To me, the simplest (nontrivial) way to do this is to exploit functions' representations as power series. For instance, begin with:
$$e^x = 1 + x + \frac{x^2}{2} + \frac{x^3}{6} + \frac{x^4}{24} + \dots = \sum_{i=0}^{\infty} \frac{x^i}{i!}.$$
To cook up an interesting L'Hospital problem, subtract off the first few terms of this series expansion from $e^x$ and divide by an appropriate term.

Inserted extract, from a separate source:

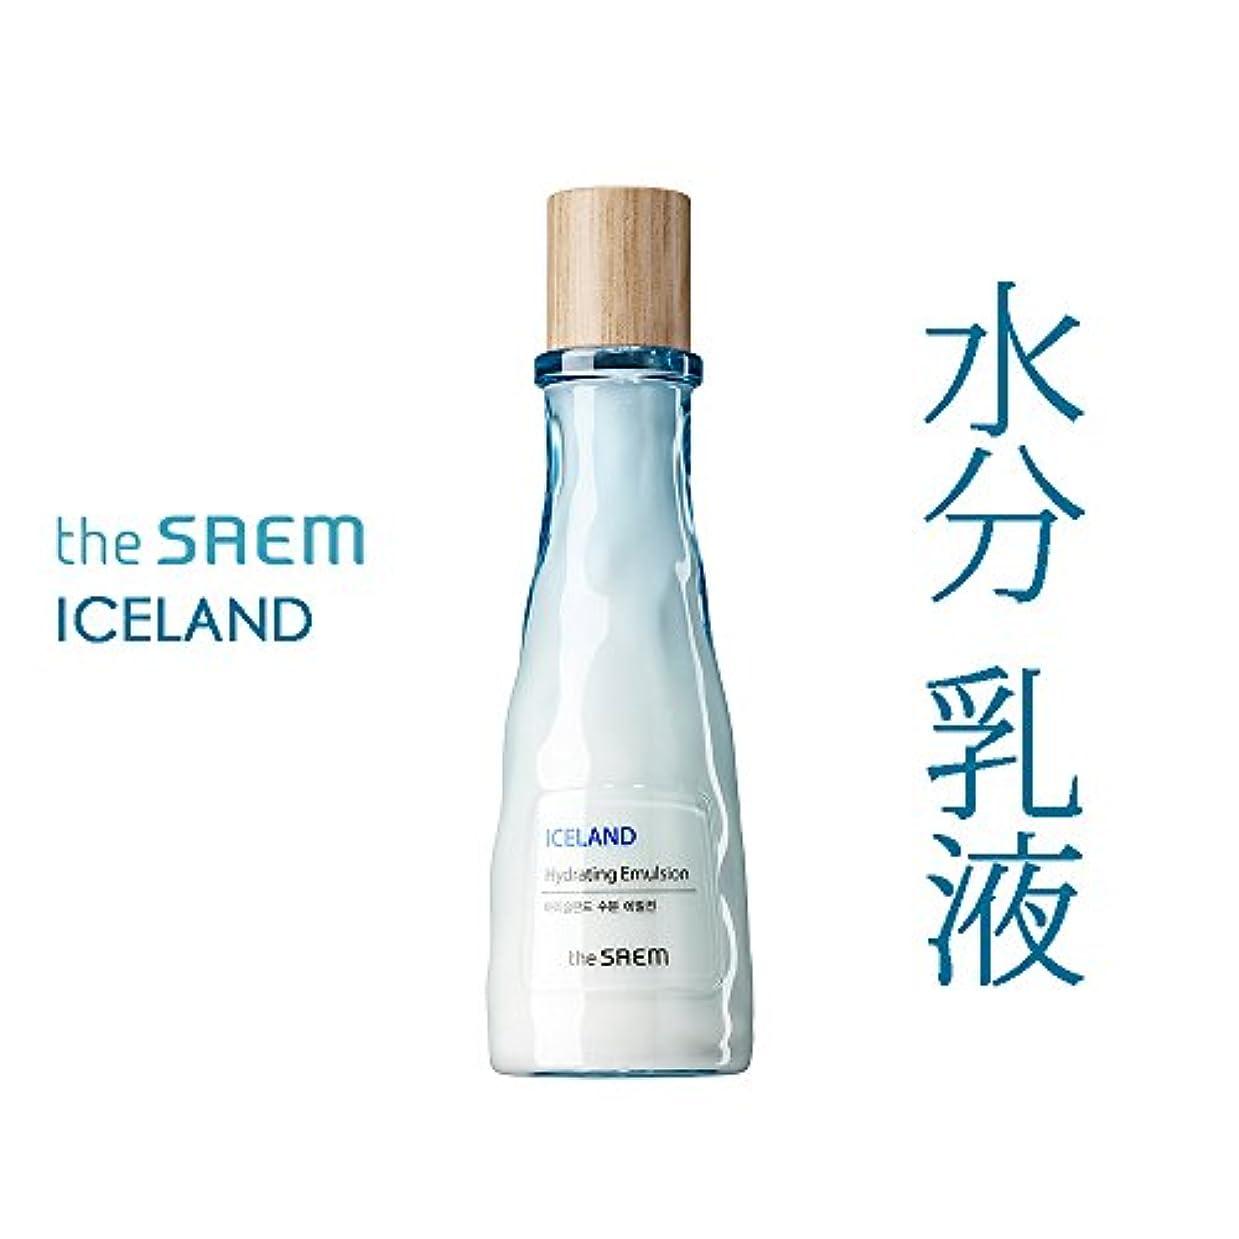 対処する粘着性フェザーザ セム The saem アイスランド 水分 乳液 The Saem Iceland Hydrating E mulsion 140ml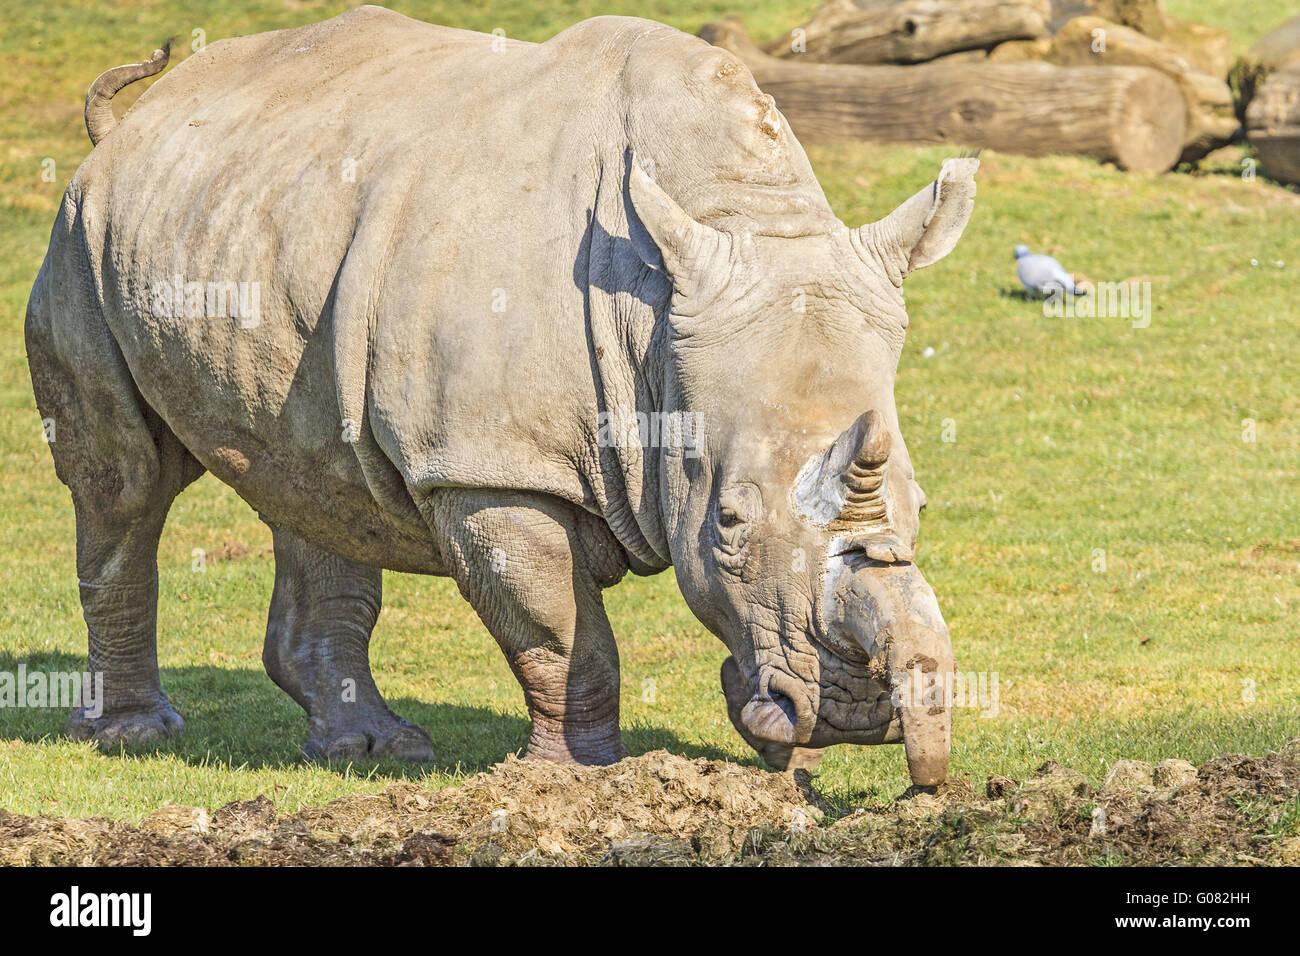 White Rhino (Ceratotherium simum) Visiting Its Mid - Stock Image

All the following are classical Calculus I examples which are inspired by the above series expansion: \begin{align*}\lim_{x \to 0} \frac{e^x - 1}{x} &\qquad \text{(requires 1 use of L'H)} \\ \lim_{x \to 0} \frac{e^x - 1- x}{x^2} &\qquad \text{(requires 2 uses of L'H)} \\ \lim_{x \to 0} \frac{e^x - 1 - x - \frac{x^2}{2}}{x^3} &\qquad \text{(requires 3 uses of L'H)} \end{align*} and so forth. You can pick any function you like in place of $e^x$, of course, so long as it has enough derivatives to play with.
You can also use this approach to cook up slightly more interesting examples. For instance, we could subtract off the appropriate terms from $e^x$ and $\cos(x)$ to get their series expansions to be $Cx^2 + [\text{lower order terms}]$. Specifically, $$\lim_{x \to 0} \frac{e^x - 1 - x}{\cos(x)- 1 }$$ has a nonzero limit and requires two uses of L'Hospital's rule. If we wanted four, we could have subtracted out the $x^2$ and $x^3$ terms from the $e^x$ expansion and the $x^2$ term from the $\cos(x)$ expansion.
What I like about this approach:
- The examples are nontrivial, in the sense that no elementary algebraic techniques will save you from having to use L'Hospital's rule.
- You can immediately tell how many uses of L'Hospital's rule will be required.
- I think it conveys something important both about Taylor series representations of functions and about how L'Hospital's rule works.